Thou son of man, shew the house to the house of Israel, that they may be ashamed of their iniquities: and let them measure the pattern.
And if they be ashamed of all that they have done, shew them the form of the house, and the fashion thereof, and the goings out thereof, and the comings in thereof, and all the forms thereof, and all the ordinances thereof, and all the forms thereof, and all the laws thereof: and write it in their sight, that they may keep the whole form thereof, and all the ordinances thereof, and do them.
This is the law of the house; Upon the top of the mountain the whole limit thereof round about shall be most holy. Behold, this is the law of the house.
And these are the measures of the altar after the cubits: The cubit is a cubit and an hand breadth; even the bottom shall be a cubit, and the breadth a cubit, and the border thereof by the edge thereof round about shall be a span: and this shall be the higher place of the altar.
And from the bottom upon the ground even to the lower settle shall be two cubits, and the breadth one cubit; and from the lesser settle even to the greater settle shall be four cubits, and the breadth one cubit.
So the altar shall be four cubits; and from the altar and upward shall be four horns.
And the altar shall be twelve cubits long, twelve broad, square in the four squares thereof.
And the settle shall be fourteen cubits long and fourteen broad in the four squares thereof; and the border about it shall be half a cubit; and the bottom thereof shall be a cubit about; and his stairs shall look toward the east.
And he said unto me, Son of man, thus saith the Lord GOD; These are the ordinances of the altar in the day when they shall make it, to offer burnt offerings thereon, and to sprinkle blood thereon.
And thou shalt give to the priests the Levites that be of the seed of Zadok, which approach unto me, to minister unto me, saith the Lord GOD, a young bullock for a sin offering.

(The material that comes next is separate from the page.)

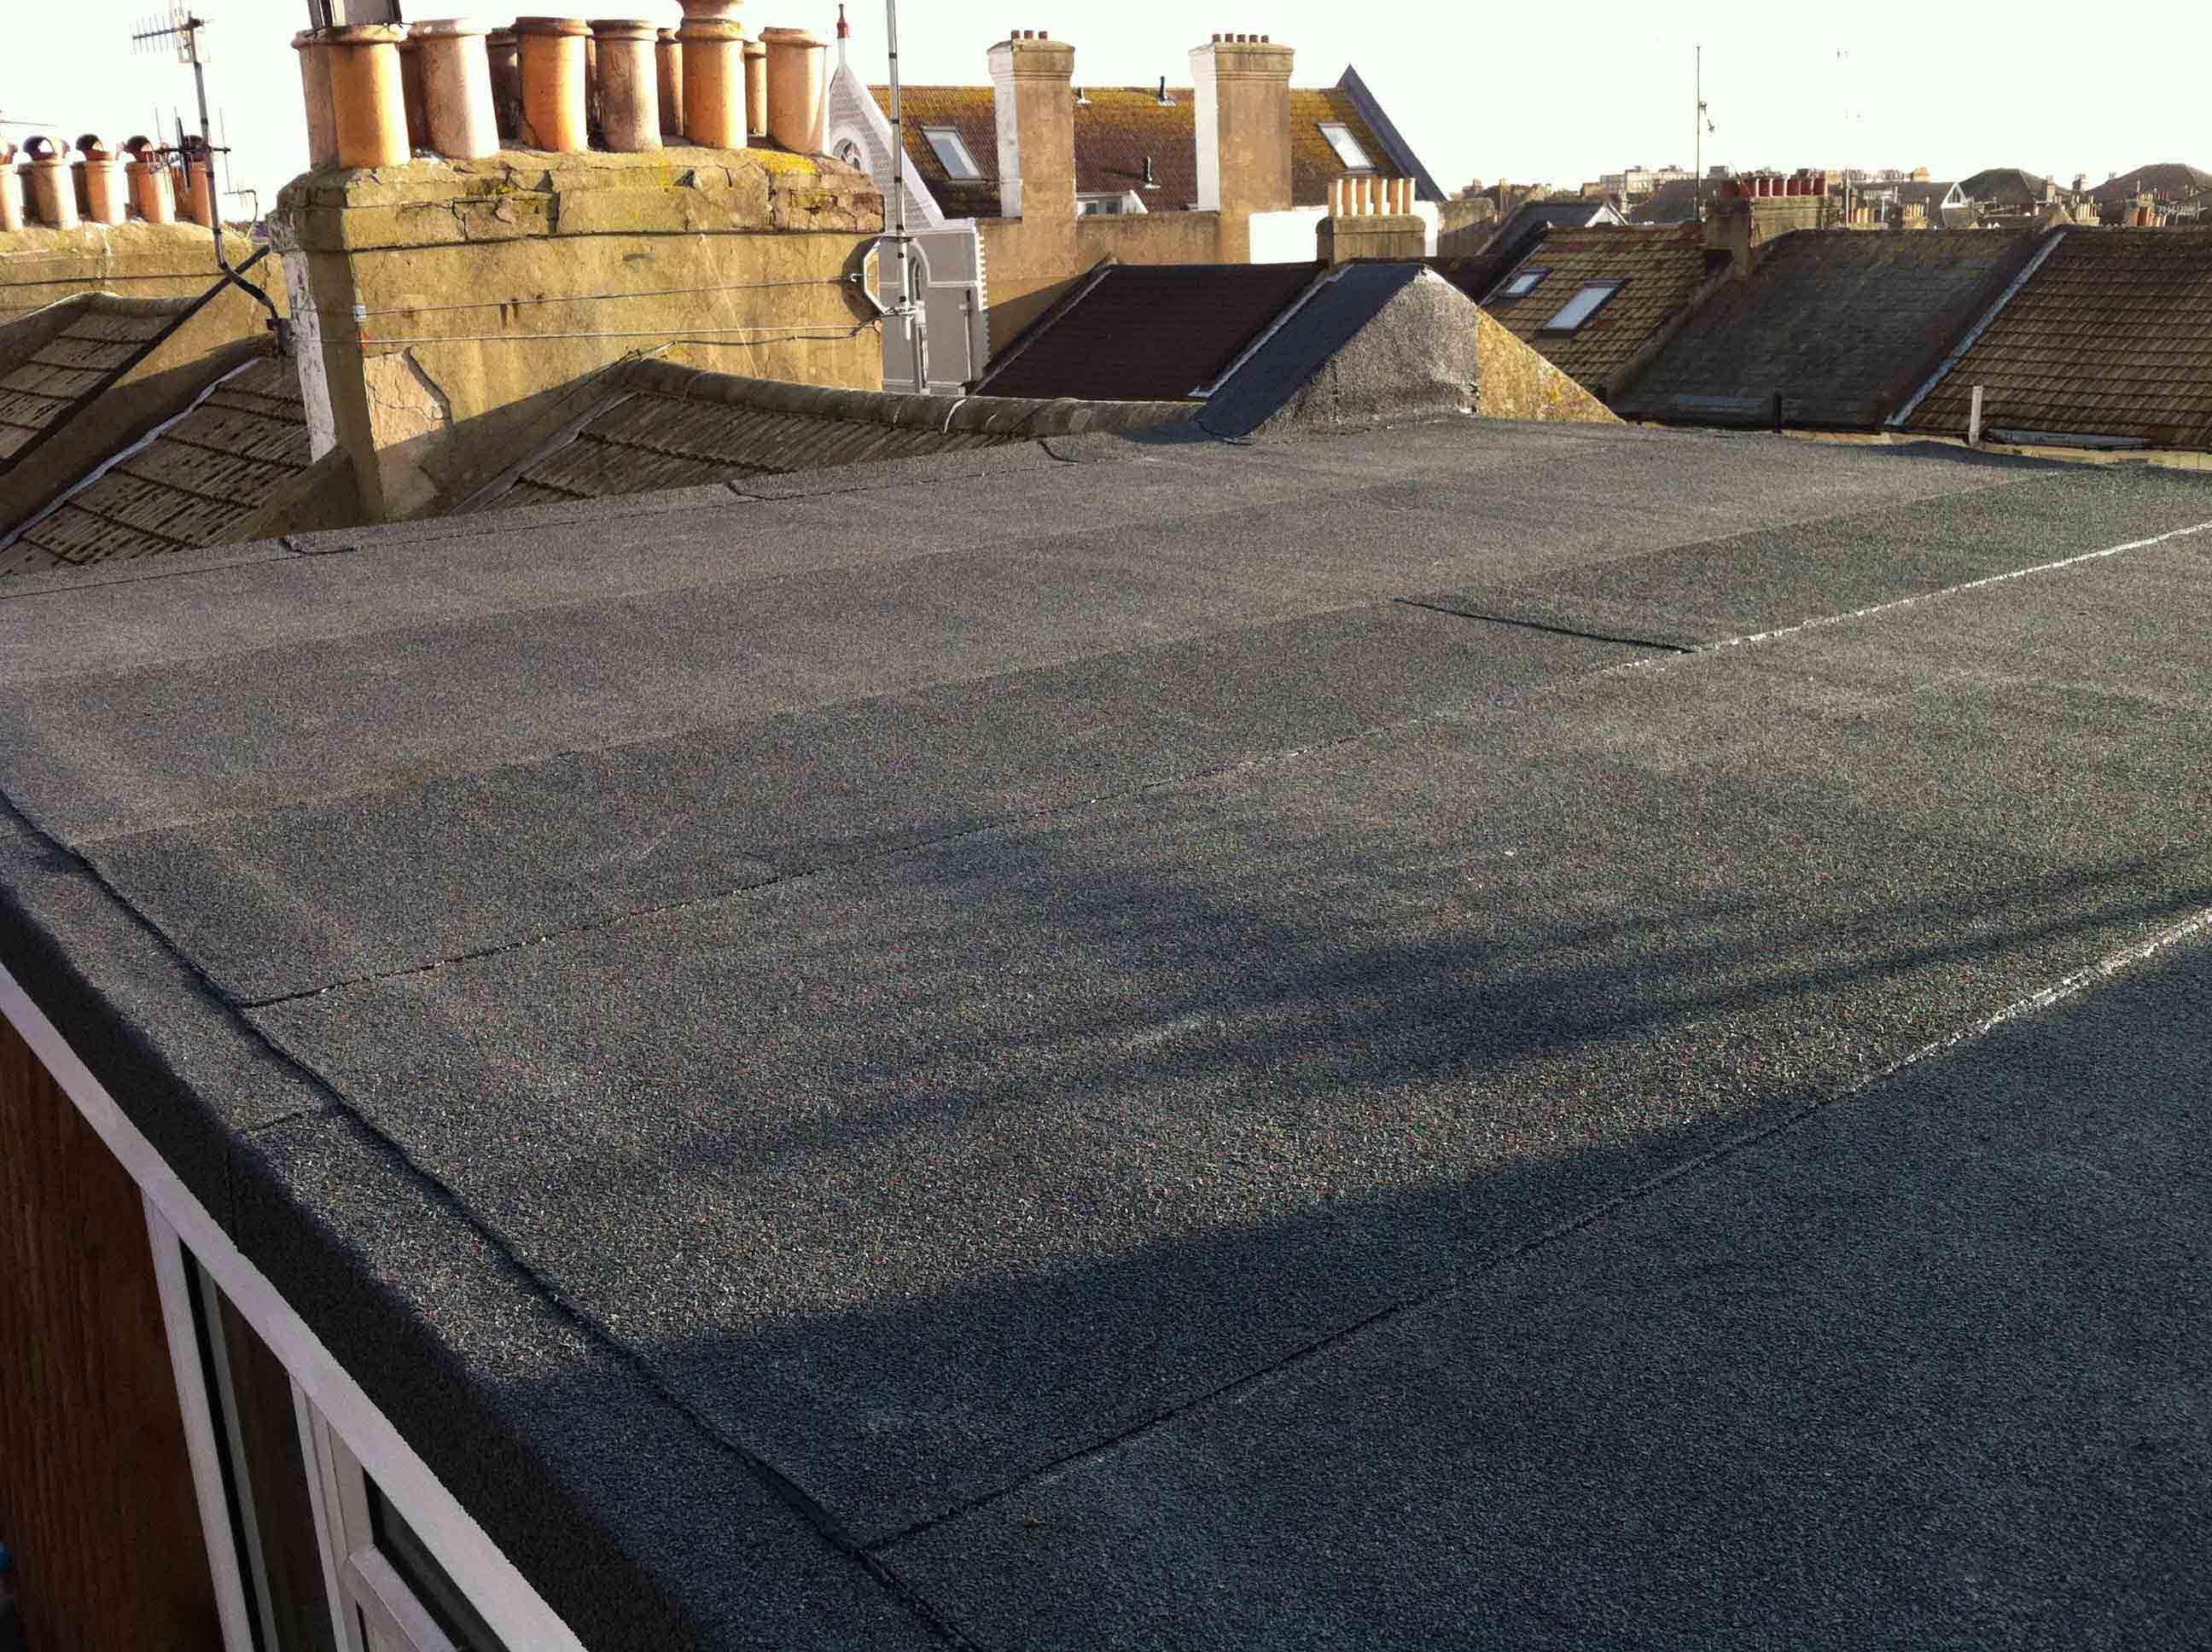 Mt Asphalt Mastic Asphalt And Built Up Felt Roofing Specialists Roofing Specialists Asphalt Roof Roofing Felt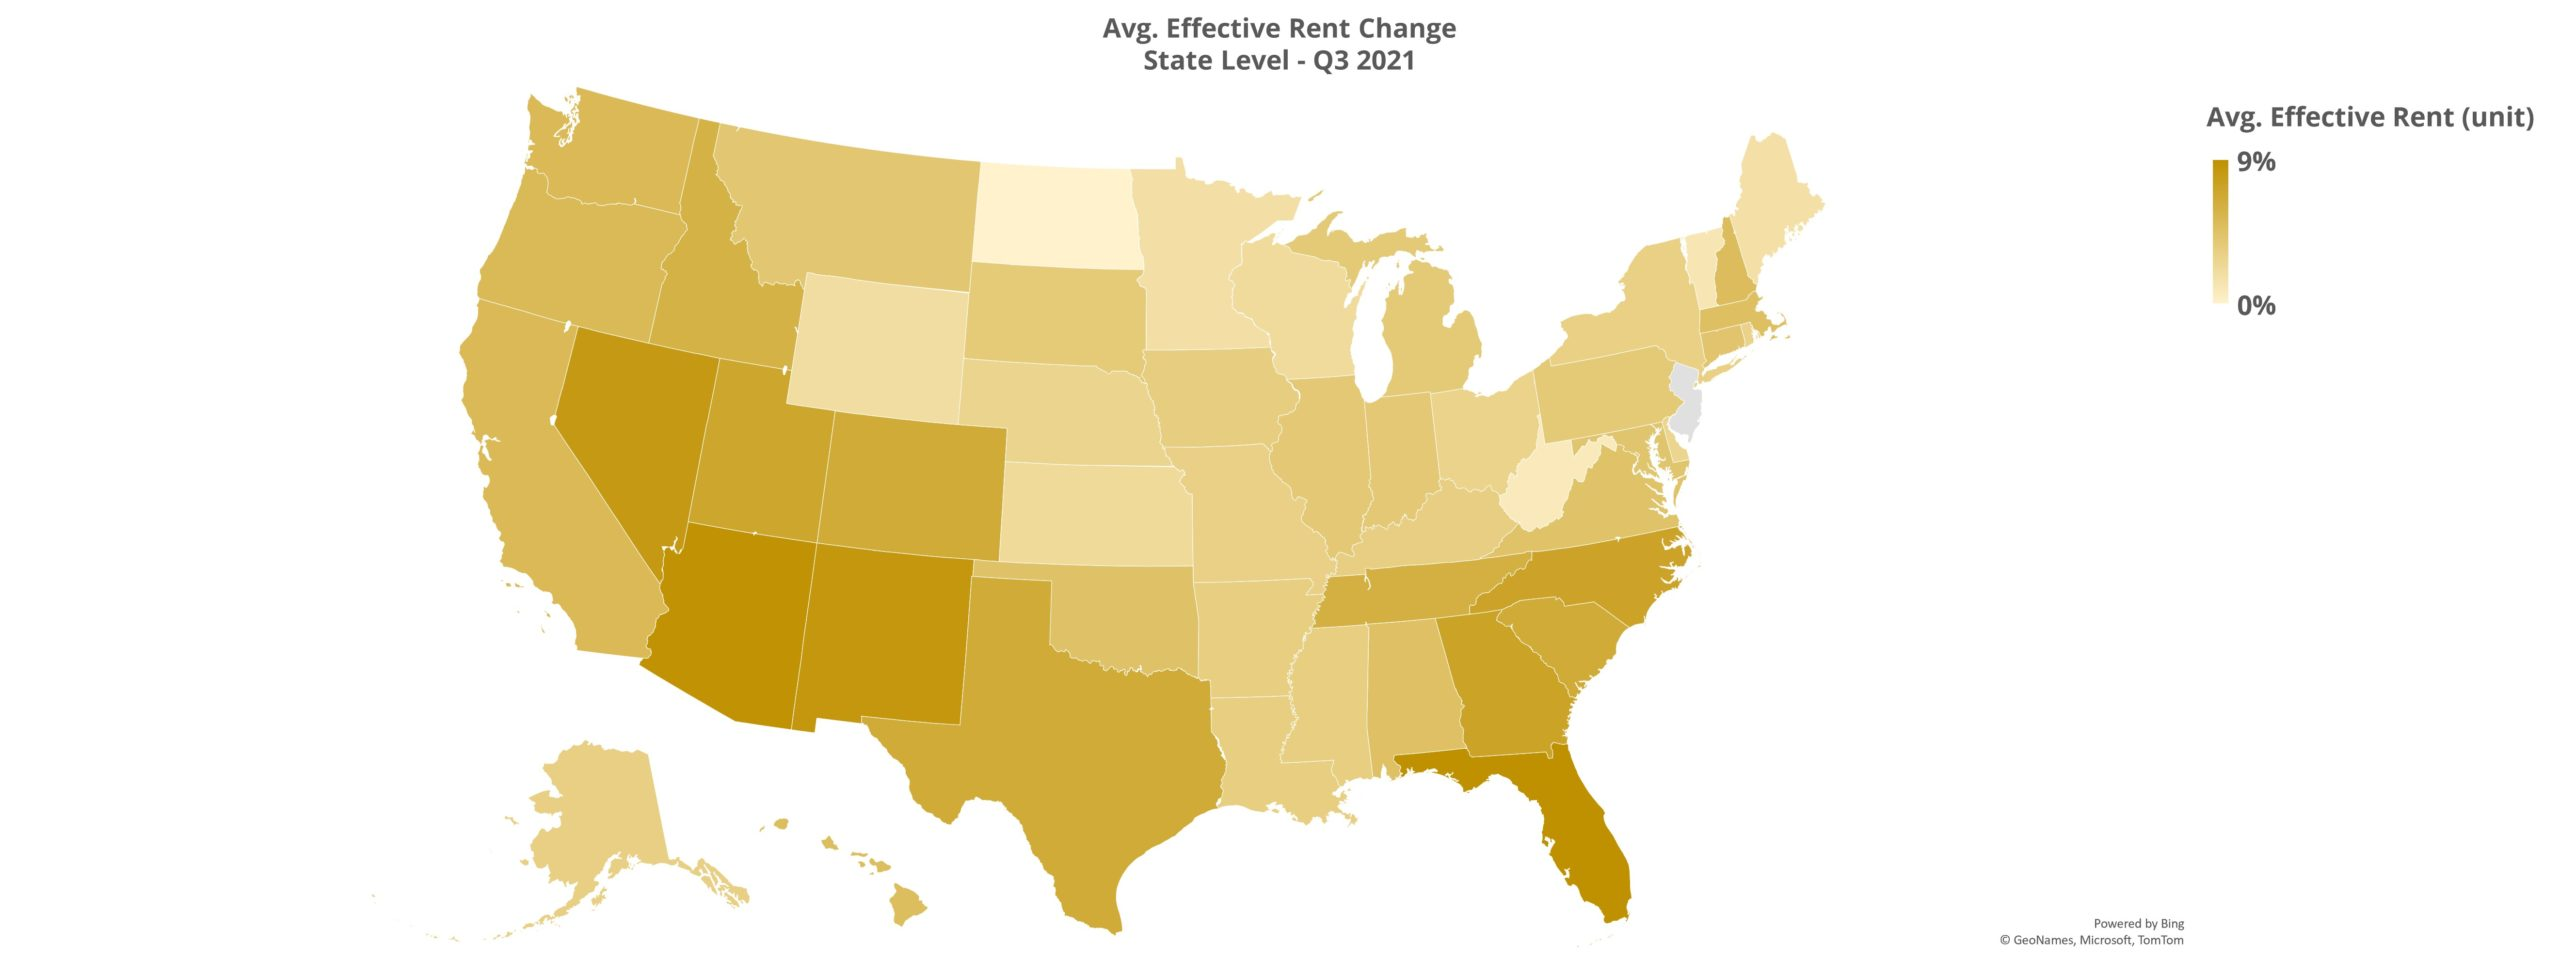 Avg. Effective Rent Change

And thou shalt take of the blood thereof, and put it on the four horns of it, and on the four corners of the settle, and upon the border round about: thus shalt thou cleanse and purge it.
Thou shalt take the bullock also of the sin offering, and he shall burn it in the appointed place of the house, without the sanctuary.
And on the second day thou shalt offer a kid of the goats without blemish for a sin offering; and they shall cleanse the altar, as they did cleanse it with the bullock.
When thou hast made an end of cleansing it, thou shalt offer a young bullock without blemish, and a ram out of the flock without blemish.
And thou shalt offer them before the LORD, and the priests shall cast salt upon them, and they shall offer them up for a burnt offering unto the LORD.
Seven days shalt thou prepare every day a goat for a sin offering: they shall also prepare a young bullock, and a ram out of the flock, without blemish.
Seven days shall they purge the altar and purify it; and they shall consecrate themselves.
And when these days are expired, it shall be, that upon the eighth day, and so forward, the priests shall make your burnt offerings upon the altar, and your peace offerings; and I will accept you, saith the Lord GOD.